Ferguson October 11_feature.jpg

Thousands Turn Out For Ferguson October

Issue 201

Ellen Davidson Oct 28, 2014

Photos by Ellen Davidson
Text by Alina Mogilyanskaya

“Hands up, don’t shoot!”

“Black lives matter!”

These have become the clarion calls of the struggle for justice for Michael Brown. After the unarmed black teenager was shot by a white police officer in Ferguson, Missouri, on August 9 and his body was left on the street for more than four hours, protests erupted. Those initial expressions of grief and rage have since grown into an organized national movement.

Daily protests have taken place in Ferguson since Brown’s death, punctuated by violent police crackdowns and the subsequent police killings in the Greater St. Louis Area of two other young black men, Vonderrit Myers, 18, and Kajiembe Powell, 25.

During the weekend of October 10-13, thousands of St. Louis residents and out-of-towners took part in acts of resistance dubbed “Ferguson October.” Demonstrators demanded the indictment of Brown’s killer, Darren Wilson, and responded to systemic issues underlying the murder — racial bias and lack of accountability in law enforcement, normalized violence against communities of color, the militarization of the nation’s police departments and more — with rallies, direct actions and civil disobedience. Dozens were arrested.

Tensions remain high in Ferguson. The grand jury deadline for a decision about Wilson’s indictment is January 7, and as suspicions about the legitimacy of the process swirl through the community, people return day after day to protest at the local police station.
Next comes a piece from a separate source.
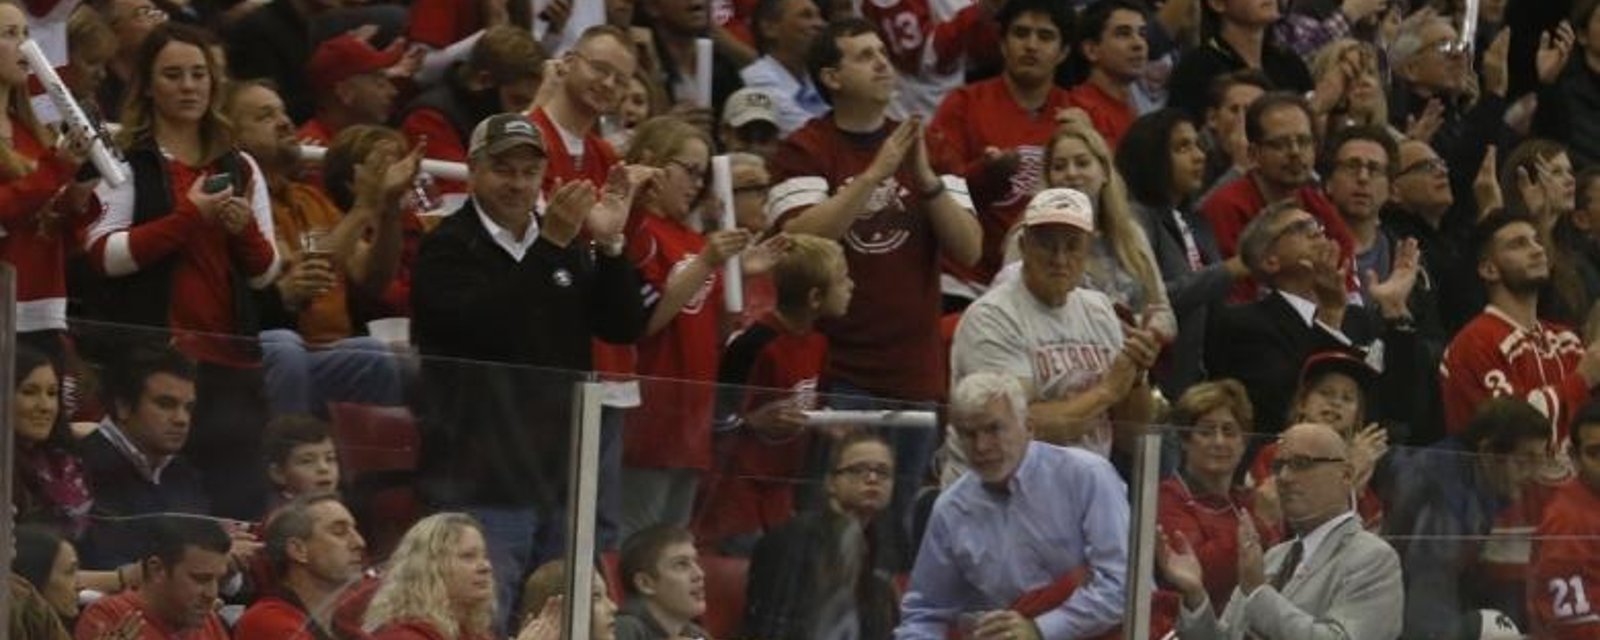 Red Wing and Leaf fans battle with duelling chants this evening.

In the recent words of one Ferguson resident, “No one is going to rest until we get justice.”

Thousands participated in a “Justice for All” march in St. Louis on October 11. The march wound through downtown St. Louis and concluded with a rally at Kiener Plaza. The crowd numbered as many as 3,000 people and included local and out-of-state activists, people of faith, youth, labor union members and more.

St. Louis hip-hop artist Kareem Jackson, known as Tef Poe, speaks at the rally that followed the march while Ashley Yates, of Millennial Activists United, raises her arm in a Black Power salute to the crowd. Both have emerged as young leaders in the struggle for racial justice in the wake of Michael Brown’s death.

Messages at the march aired a multitude of grievances.

On Saturday, October 11, activists marched from the Michael Brown memorial by Canfield Green Apartments, where he was shot, to the Ferguson police station. Young and working-class black people emerged as leaders on the ground in Ferguson after Brown’s death, coordinating much of the local response and challenging established civil rights figures and institutions in the process.

A young woman decries being seen as a target because of her brown skin. 

In what has become a defining gesture of the Ferguson protests, participants in the march raise up both arms.

On October 12, protesters gathered near the convenience store where 18-year-old Vonderrit Myers Jr. was killed by an off-duty police officer on October 8. Here, Vonderrit Myers Sr. holds a photograph of his son and the teen’s mother. After the rally, protesters marched through the streets and ended the night with a sit-in at least 1,000 strong at St. Louis University. Seventeen others were arrested that night after doing a sit-in at another convenience store.

Protesters march from the store on Shaw Avenue where Vonderrit Myers was killed to the center of the Shaw neighborhood in St. Louis.

In a twist on the now-popular Ferguson protest chant, “They think it’s a game, they think it’s a joke,” marchers block an intersection in the Shaw neighborhood by playing jump rope and hopscotch.

October 13 was dubbed by Ferguson October organizers as a “Moral Monday” of civil disobedience, alluding to ongoing “Moral Monday” actions that began in North Carolina last year and have since spread to other states. Clergy leaders and others, including philosopher Cornel West, led a march to the Ferguson police station on the morning of October 13.

Protesters drew an outline of a body in white and yellow chalk in the Ferguson police station parking lot to memorialize Michael Brown.

Members of the clergy kneeled in front of police in riot gear at the Ferguson police station, praying and asking the police to repent in the pouring rain. Some participants got through the line of police and more than 40 were arrested.